Jazzisti in politica, pochi. Anche se in un certo senso «suonare jazz vuol dire far politica», come ha sottolineato l’anno scorso in Umbria il sassofonista Sonny Rollins, maestro dell’hard bop. In compenso, ora che il mondo è interconnesso e trasversale, c’è chi ritiene che le doti di questi musicisti sarebbero preziose nel management. Si tratta, in particolare, del sociologo (e pianista) Frank J. Barrett, autore del libro Disordine armonico. Leadership e jazz: «Questo tipo di musica è ben più di una metafora dell’organizzazione», ha spiegato. «I gruppi jazz sono di fatto organizzazioni progettate per l’innovazione, e gli elementi progettuali insiti nel jazz possono essere applicati alle organizzazioni che vogliano rinnovarsi».
Razionalità e istinto, perfezionismo e improvvisazione. Tra due estremi, a tirare le somme può essere solo chi li ha frequentati entrambi.

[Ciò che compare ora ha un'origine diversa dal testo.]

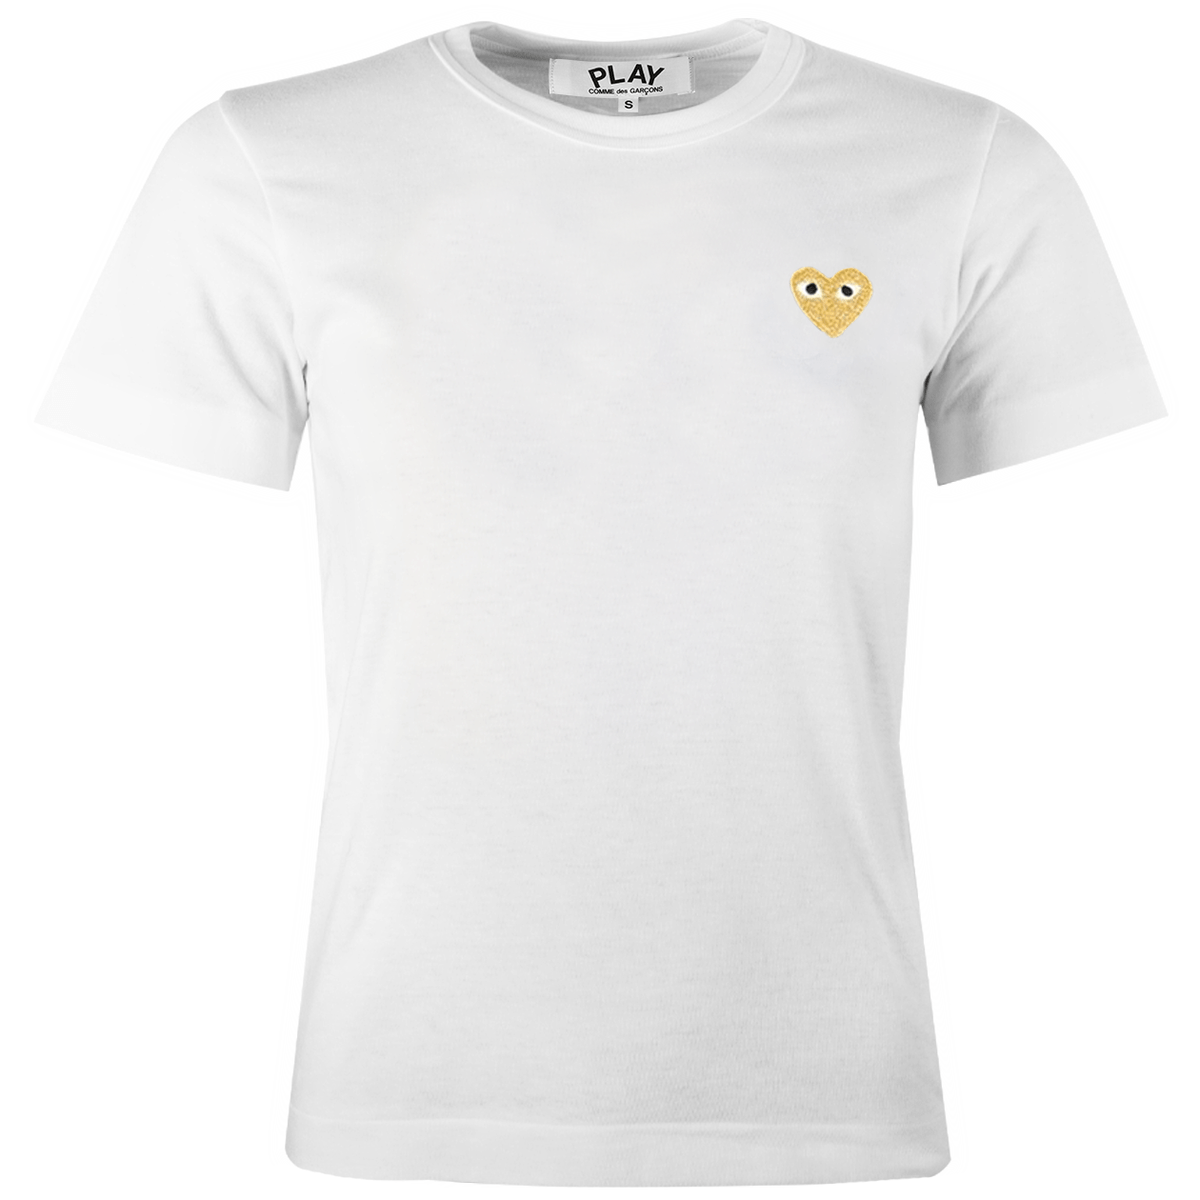 T215 Gold Heart T-shirt White S White

Keith Jarrett riceverà il Leone d’oro alla carriera il 29 settembre, durante il Festival Internazionale di Musica Contemporanea della Biennale di Venezia. Considerato uno dei pianisti e improvvisatori più straordinari della storia del jazz, non ha mai abbandonato la classica. «Suono Bach o Händel alla lettera, la “mia visione” non esiste. Ma quando improvviso sono completamente libero», ha raccontato. «I più grandi pianisti del mondo invece tengono la loro immaginazione al guinzaglio, perché hanno sempre davanti quello spar tito. Allora io dico: liberateli».